Rapporti tra ADR: arbitrato, arbitraggio, mediazione civile e conciliazione

Rapporti tra ADR: arbitrato, arbitraggio, mediazione civile e conciliazione

Quanto ai rapporti con gli altri strumenti deflattivi dei carichi del giudice ordinario, l’istituto dell’arbitrato (rituale ed irrituale) è profondamente diverso per struttura, funzioni e specificità, in primis, dalla transazione.

Quanto alla funzione, infatti, si noti che con la scelta dell’arbitrato le parti non chiedono una soluzione intermedia sulla base di concessioni reciproche (come avviene con la transazione) ma – non rinunciando alle proprie pretese – demandano la soluzione più giusta, secondo diritto o secondo equità, al giudice privato.

Con l’arbitrato inoltre si conferisce al privato (l’arbitro) non già il potere di compiere atti dispositivi o transattivi dei diritti in contesa ma di emettere una vera e propria decisione con efficacia vincolante per le parti, secondo forme procedimentali, con la piena garanzia del contraddittorio e della parità delle armi, principi incastonati a diamante nell’art. 111 Cost..

Distante da entrambe è ancora l’istituto della conciliazione in quanto la soluzione della controversia non è rappresentata da una decisione e richiede sempre l’intervento di un terzo il quale, valutate tutte le esigenze del caso individua – e consiglia – la giusta composizione della lite e nel caso di accettazione ne provoca il concilium.

Con la conciliazione un terzo aiuta, dunque, le parti a comporre una lite: è giudiziale quando il terzo è un giudice mentre è stragiudiziale quando è svolta fuori dal giudizio da un conciliatore, soggetto anche professionale.

Con il D.lgs. n. 28 del 2010 del 04 marzo 2010 il termine è divenuto fungibile con i possibili esiti della c.d. mediazione civile, nuovo istituto giuridico finalizzato ad evitare a monte l’ingresso delle liti nelle aule dei Tribunali.

Al pari dell’arbitrato anche la conciliazione può riguardare solo diritti disponibili, generalmente a carattere patrimoniale.

Esistono varie tipologie di conciliazione, tante quanti sono i settori dell’ordinamento che hanno avvertito per esigenze diverse, ma per un’unica finalità, tale previsione normativa.

Un esempio – un po’ atipico per la verità è la conciliazione penale dinanzi al Giudice di Pace ai sensi del D.lgs. n. 274/2000, cui si aggiungono la conciliazione tributaria introdotta dall’art. 46 del d. lgs. 546 del 1992, quella lavoristica prevista dagli artt. 410 e ss. c.p.c. (stragiudiziale), dall’art. 11 d. lgs. n. 124 del 2004 e sindacale (prevista dagli accordi o contratti sindacali), nonché la conciliazione commerciale in materia di diritto societario di cui al D. lgs. n. 5/2003 del 17 gennaio 2003 affidata agli Organismi di conciliazione iscritti nel registro tenuto presso il Ministero della Giustizia, tra cui le Camere di Commercio industria, artigianato ed agricoltura.

Da segnalarsi inoltre, la pratica conciliativa in uso tra imprese o associazioni d’impresa e le associazioni dei consumatori riconosciute in base alla legge 281 del 1998.

Nell’ambito della mediazione civile (obbligatoria o facoltativa ex D.lgs. n. 28 del 4 marzo 2010) il legislatore ha chiarito che la conciliazione rappresenta il semplice risultato del procedimento di mediazione e non il nome con cui identificare il nuovo istituto.
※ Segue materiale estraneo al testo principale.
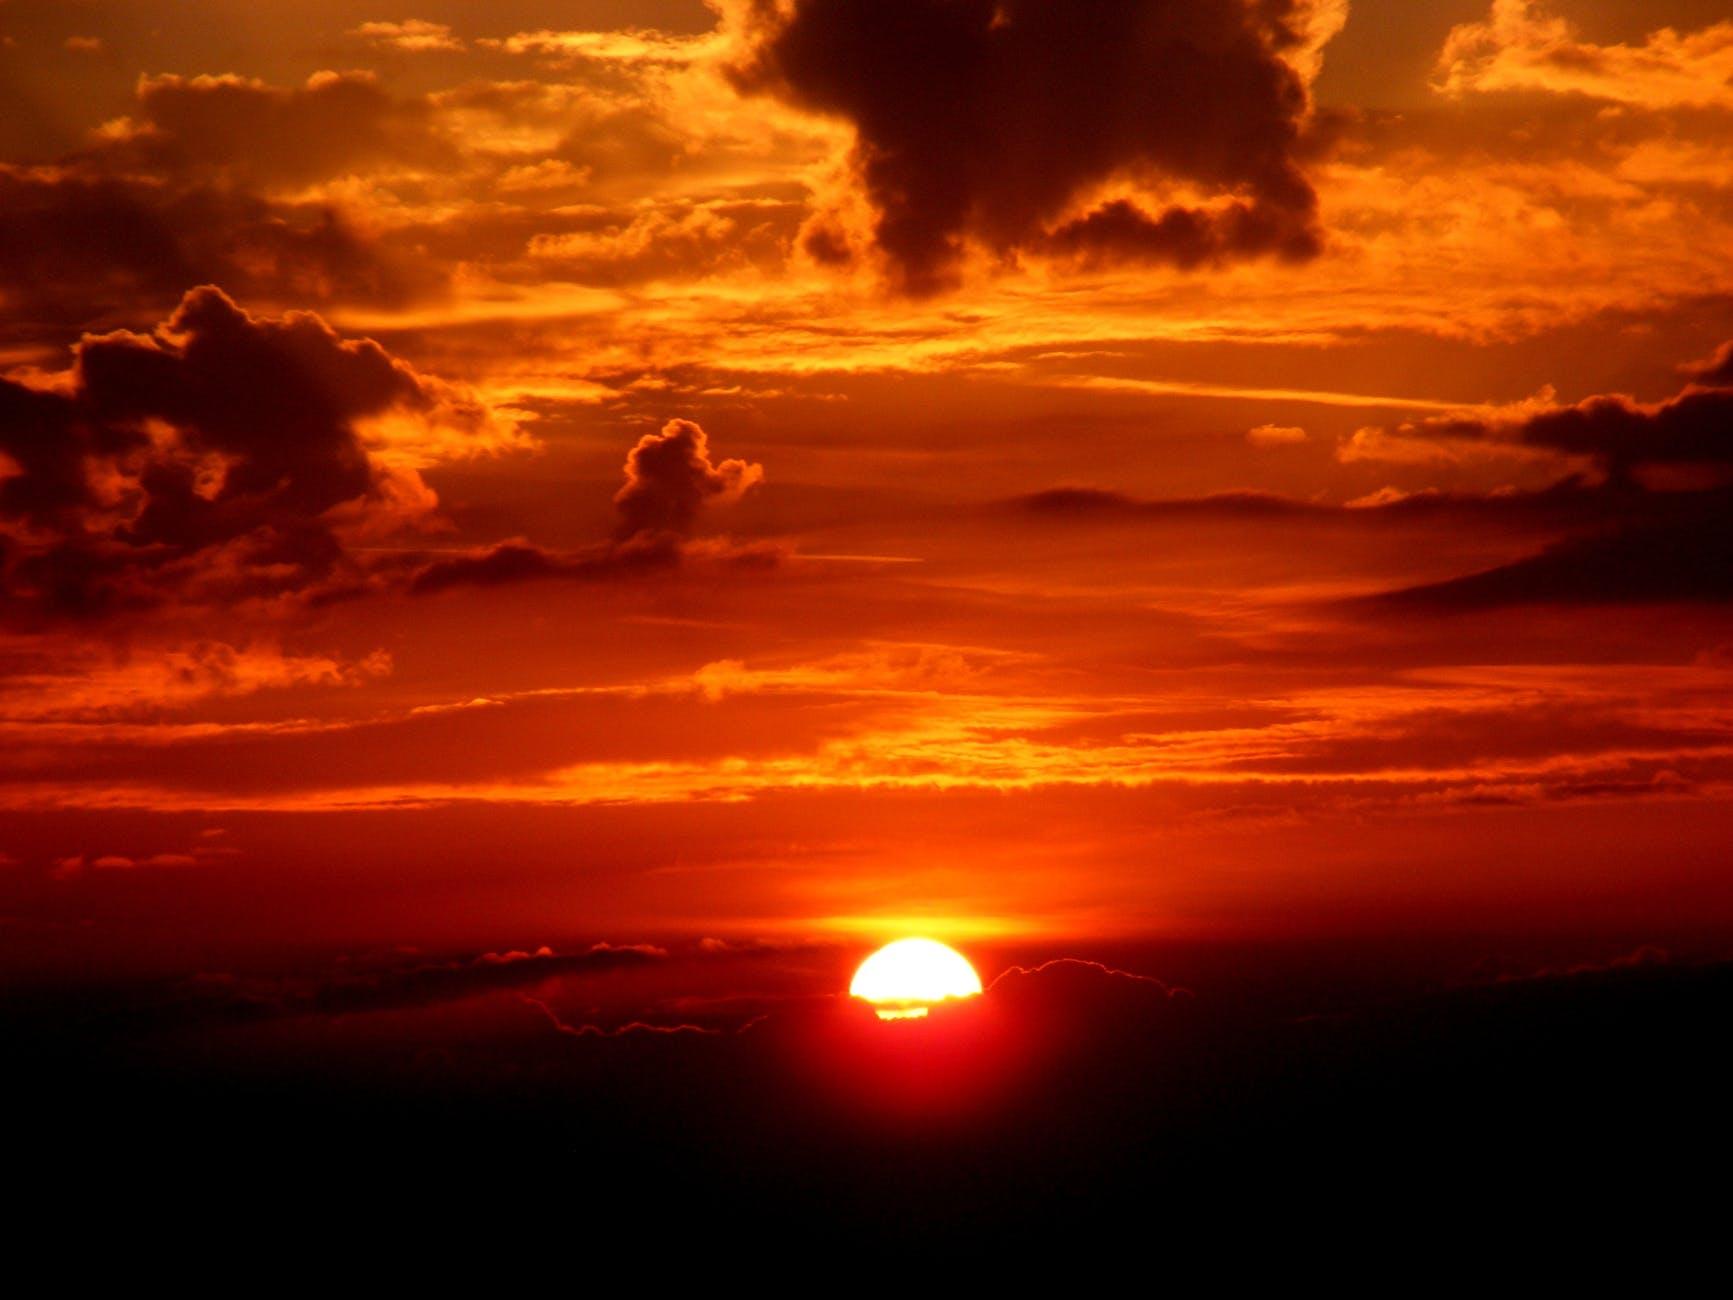 Landscape Sunset Image

Questo allo scopo di distinguere i due istituti.

Tra gli altri strumenti di composizione dei conflitti – ben distinti dall’arbitrato – annoveriamo anche l’arbitraggio.
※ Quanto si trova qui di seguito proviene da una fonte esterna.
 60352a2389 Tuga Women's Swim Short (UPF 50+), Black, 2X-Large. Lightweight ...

L’arbitraggio è l’atto attraverso il quale un terzo (c.d. arbitratore) determina, su incarico delle parti, uno degli elementi del rapporto contrattuale, del quale però le parti devono aver determinato la causa ed aver precisato la natura delle prestazioni principali (art. 1349 c.c.). Esso si basa su rapporti giuridici vertenti su di una controversia economica e non giuridica.
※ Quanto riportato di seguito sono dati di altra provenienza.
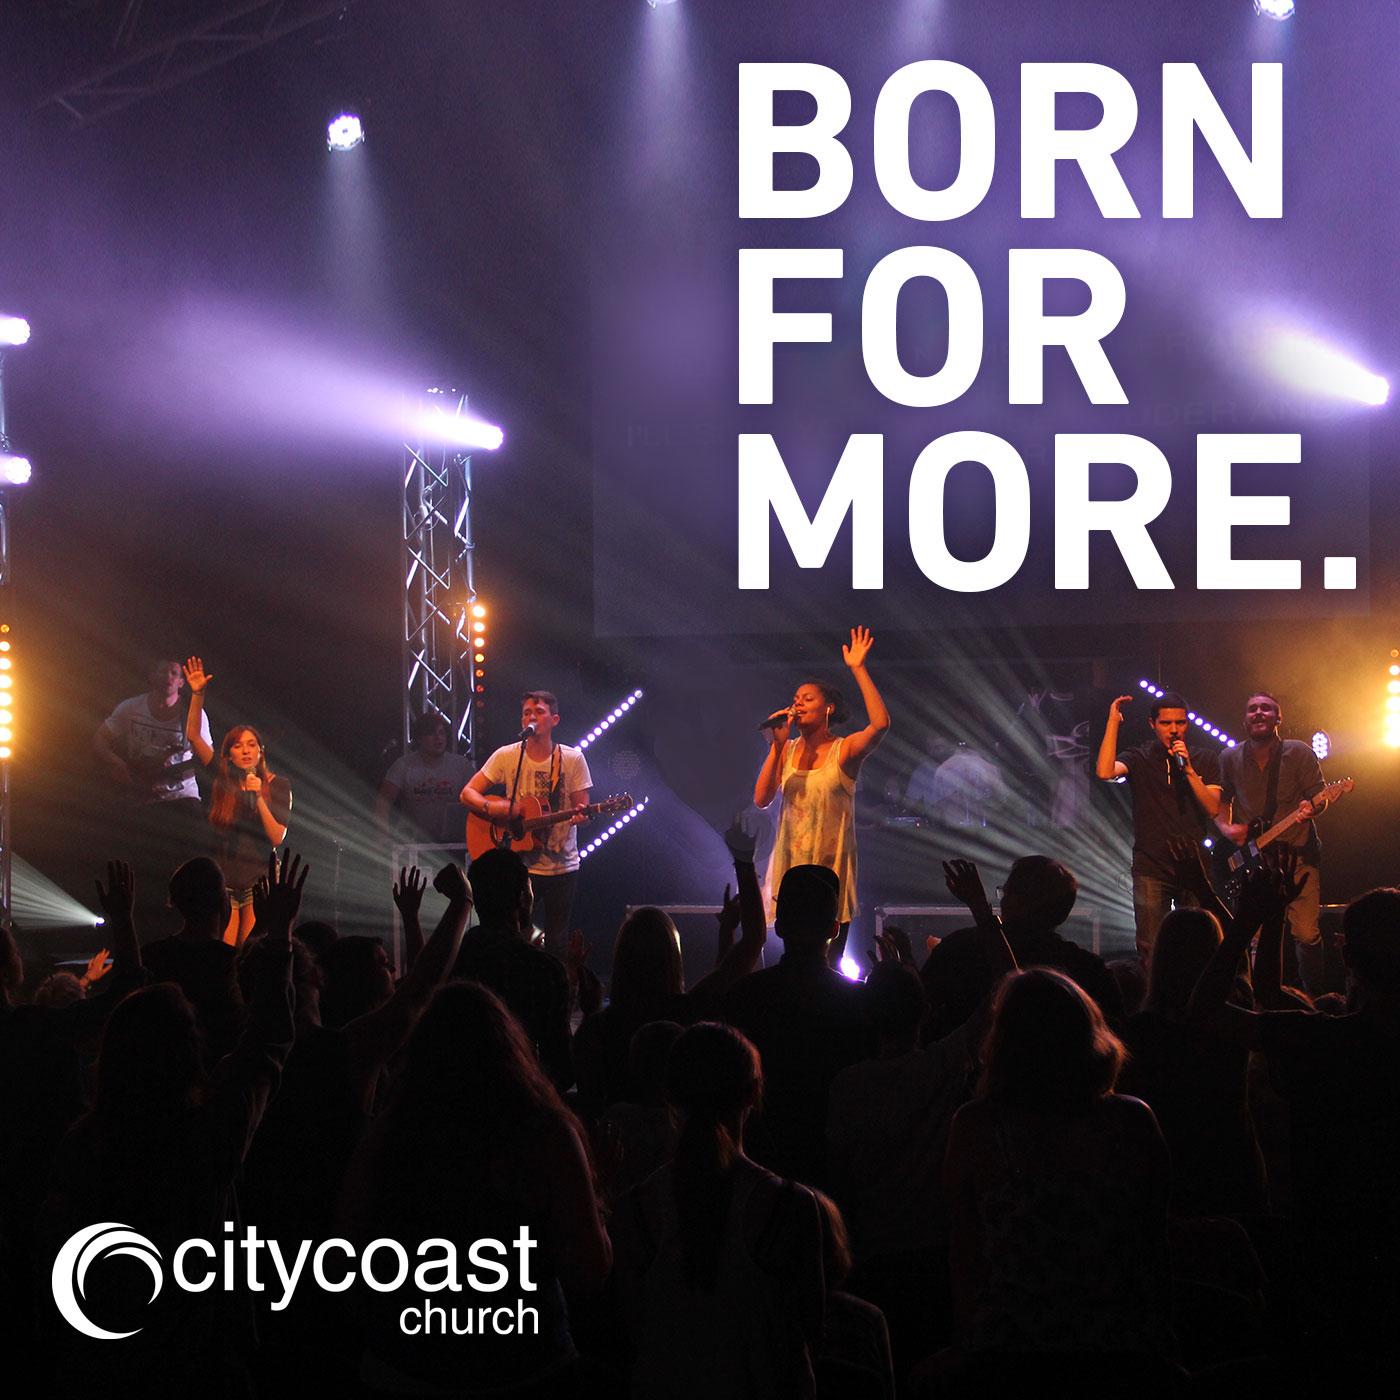 CityCoast Podcast

Una distinzione approfondita e, a ben vedere, più mirata tra arbitraggio e arbitrato ne fa il Chiovenda, notando che mentre l’arbitro conosce della causa come farebbe il giudice, l’arbitratore “è chiamato a determinare in un rapporto giuridico di per sé pacifico un elemento non definito dalle parti; (…) l’arbitratore, dunque, non dichiara diritti esistenti, non sostituisce il processo, ma completa rapporti giuridici, il che non ha importanza che per il diritto sostanziale”.